Retail sales jumped 18.4%, accelerating from a 10.6% increase in March and the fastest since March 2021. Retail sales rose 8.5% in the four months to April this year but that is compared to the weak first four months of 2022 when Covid was a concern.

Still, the sales jump was slower than the 21% growth that analysts had forecast, and the comparative month was slap-bang in the middle of the first round of intense lockdowns a year ago that saw the huge city of Shanghai lockdown as well as a number of other smaller cities.

Industrial production rose 5.6% year on year in April, well short of the optimistic 10.9% forecast but ahead of the 3.9% rise in March. Steel production fell, though.
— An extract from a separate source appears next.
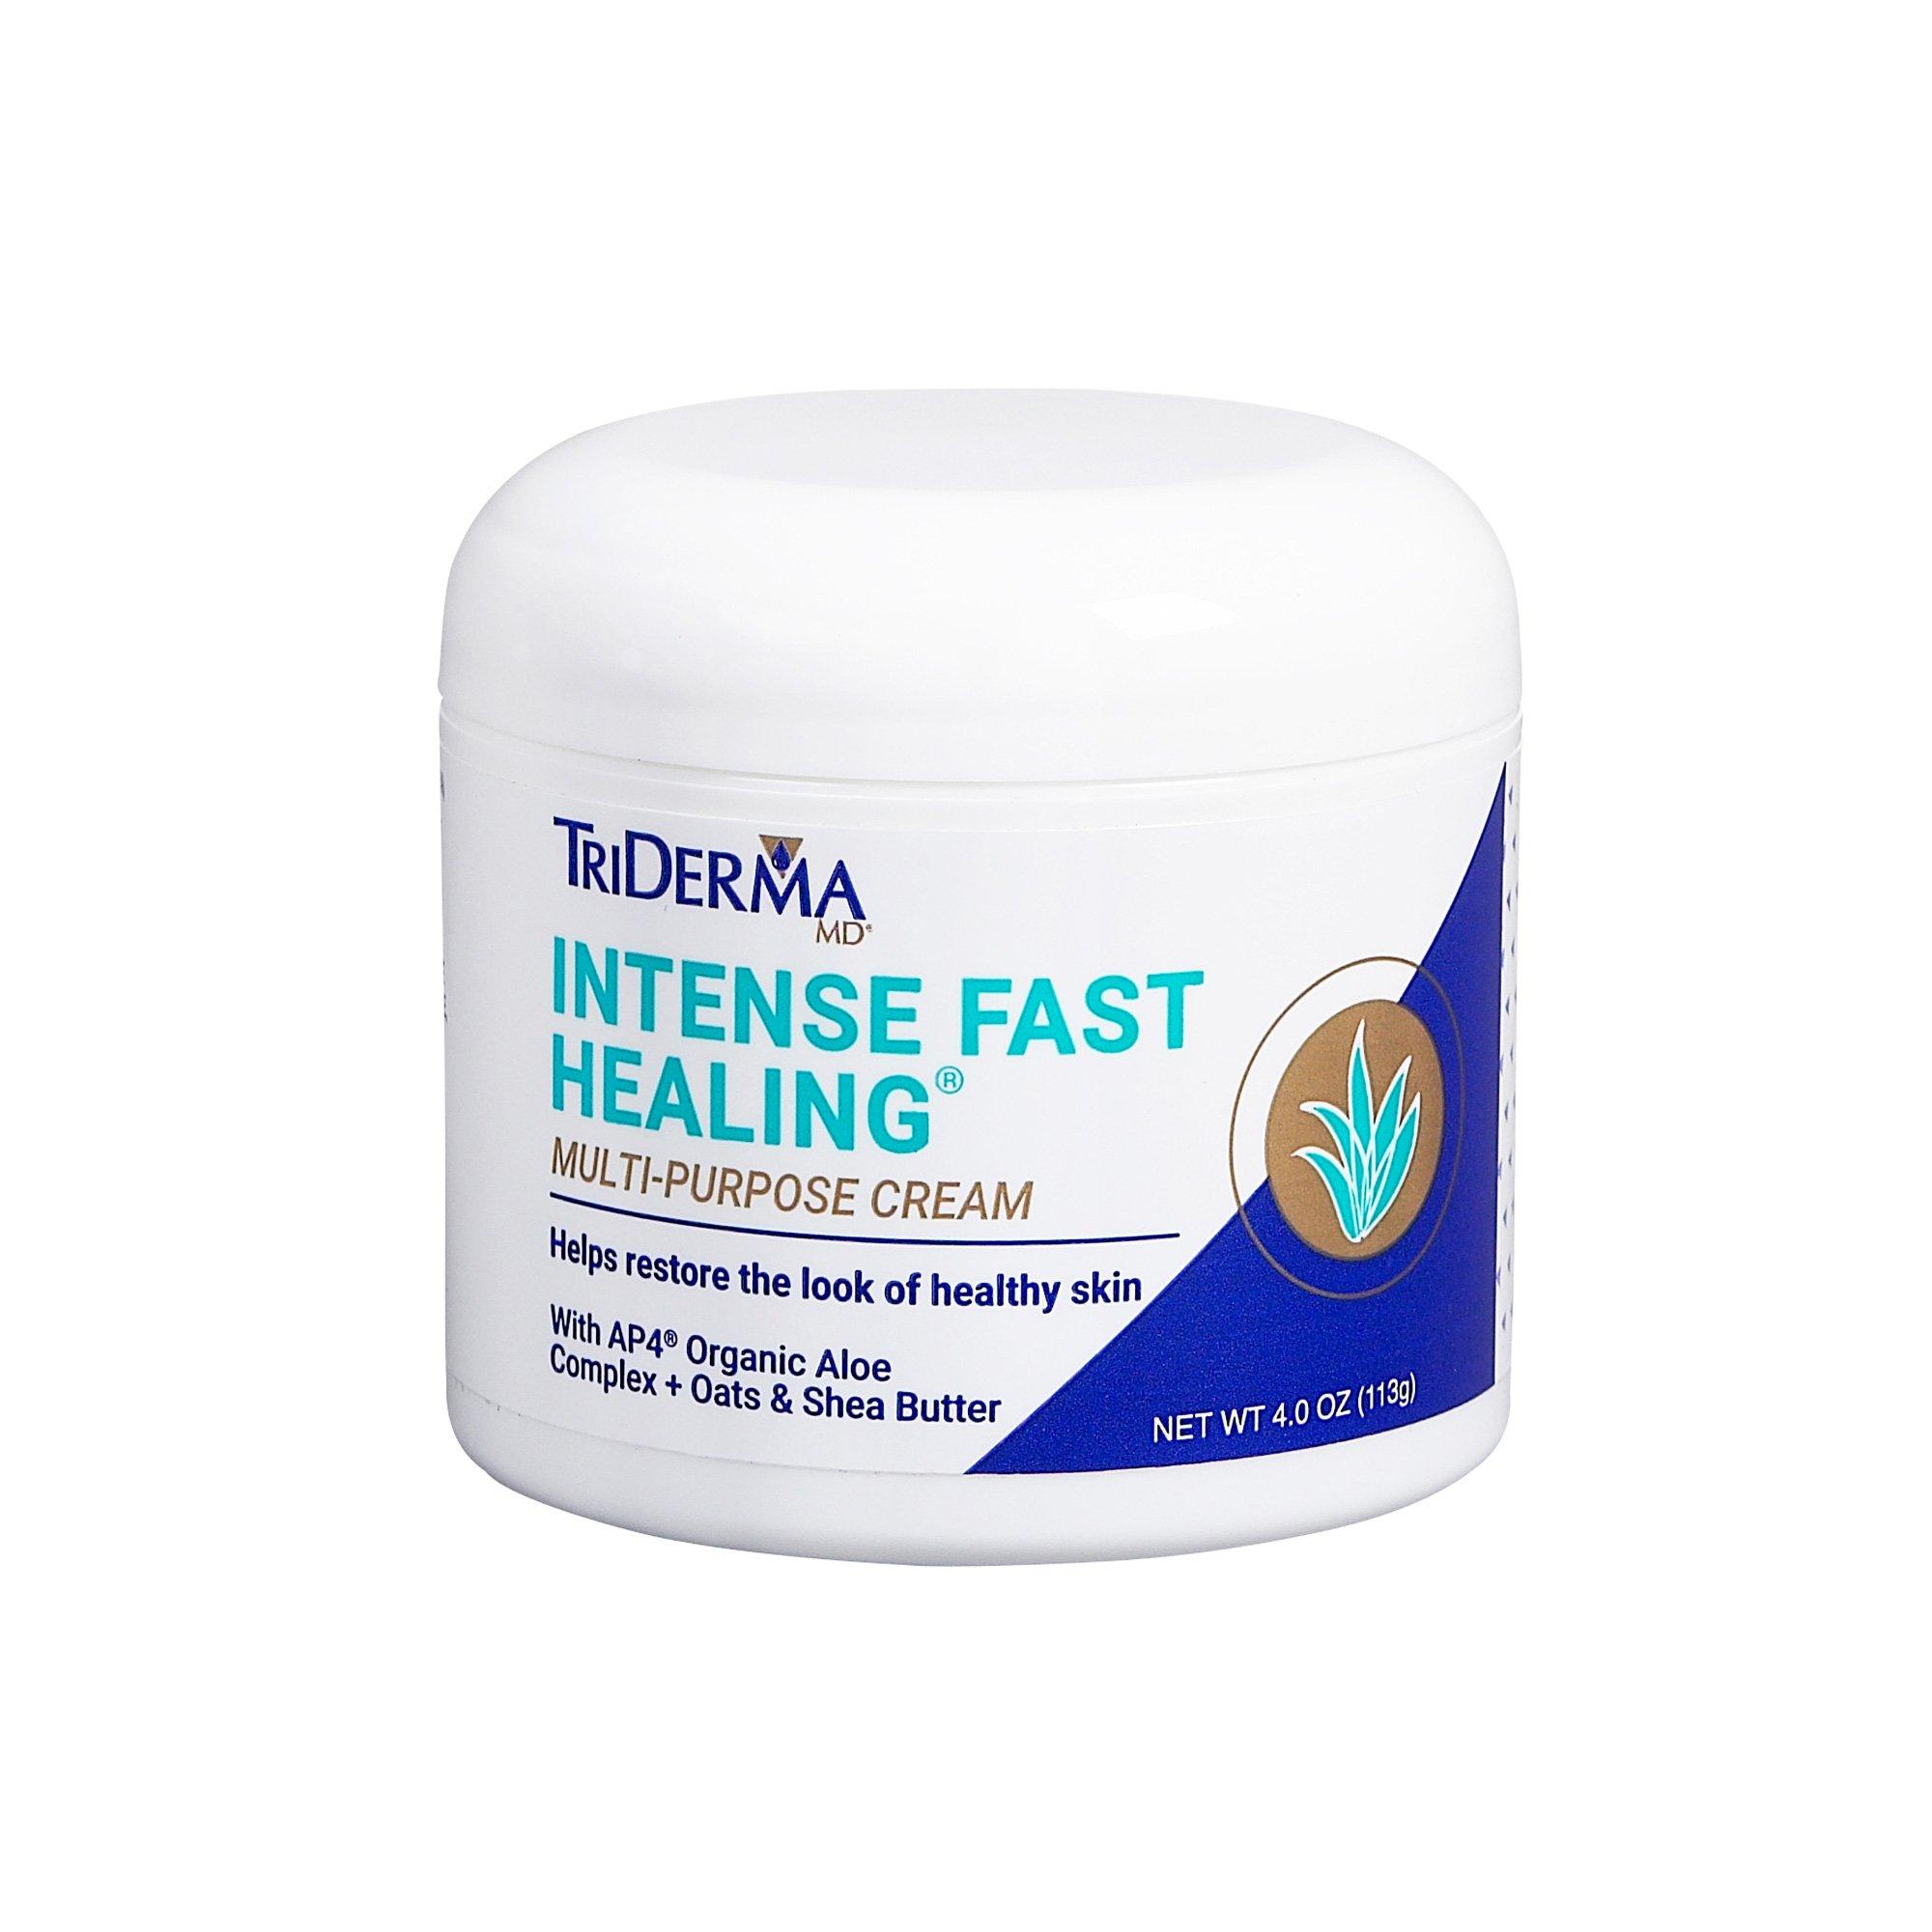 Intense Fast Healing Cream, 4 oz. by TriDerma

Fixed-asset investments were up 4.7% year over year in the four months to April, down from the 5.1% rate in the January-March period. It fell 0.6% month-on-month in April, a much steeper fall than the 0.25% drop from February to March

NAB Senior International Economist, Gerard P Burg summed it up in his monthly commentary yesterday after the data had been released “Base effects inflate growth in April; still waiting on demand to recover.”

“While several key indicators accelerated in year-on-year terms in April, these measures were inflated by the impact of base effects – with April 2022 a particularly weak month given the COVID-19 lockdowns that severely impacted Shanghai and hit a range of other cities as well.

“When these were stripped away, the big picture is of an economy where domestic demand is still yet to fully recover. Overall, nothing in this month’s data has us changing our views – we see China’s economy expanding by 5.6% in 2023, 4.5% in 2024 and 4.8% in 2025,” he wrote on Tuesday afternoon.


Two examples underline the less than convincing pace of growth and activity across the Chinese economy.

Property has long been the main driver of the economy, dragging steel concentre/cement, wood and building materials with it. Property has not recovered and while steel output did well early in the year, April saw it ease in a portent of what is to come.

National Bureau of Statistics figures show that spending in real estate development fell 6.2% in April, sharper than the 5.8% drop in the January-March period, underlining the continued weakness in property/housing that just won’t rebound.

Investment in the property sector tumbled 16.2% year-on-year last month after a 7.2% drop in March, according to Reuters.

And China’s crude steel output in April fell 3.2% from March and 1.5% from April of 2022 as steel mills cut production to try and protect margins,

China reported production of 92.64 million tonnes of crude steel last month, according to the National Bureau of Statistics (NBS) showed. That compares with 95.73 million tonnes produced in March and 92.78 million tonnes in the same month in 2022.

In the four months to April, crude steel production totalled 354.39 million tonnes—the highest since 2021 and up 4.1% year-on-year, but well down the 6.1% in the first three months of this year.

“Today’s weaker-than-expected data show how difficult it is to keep the growth engine running after restarting it,” said Bruce Pang, chief economist at Jones Lang Lasalle.

“China will continue to deliver strong year-on-year growth of activity data in the second quarter on the back of a low base, but at a slower quarter-to-quarter pace than the first quarter as the recovery is losing steam.”

China’s central bank kept its key interest rate unchanged on Monday as expected, but markets are betting on more monetary easing in the coming months.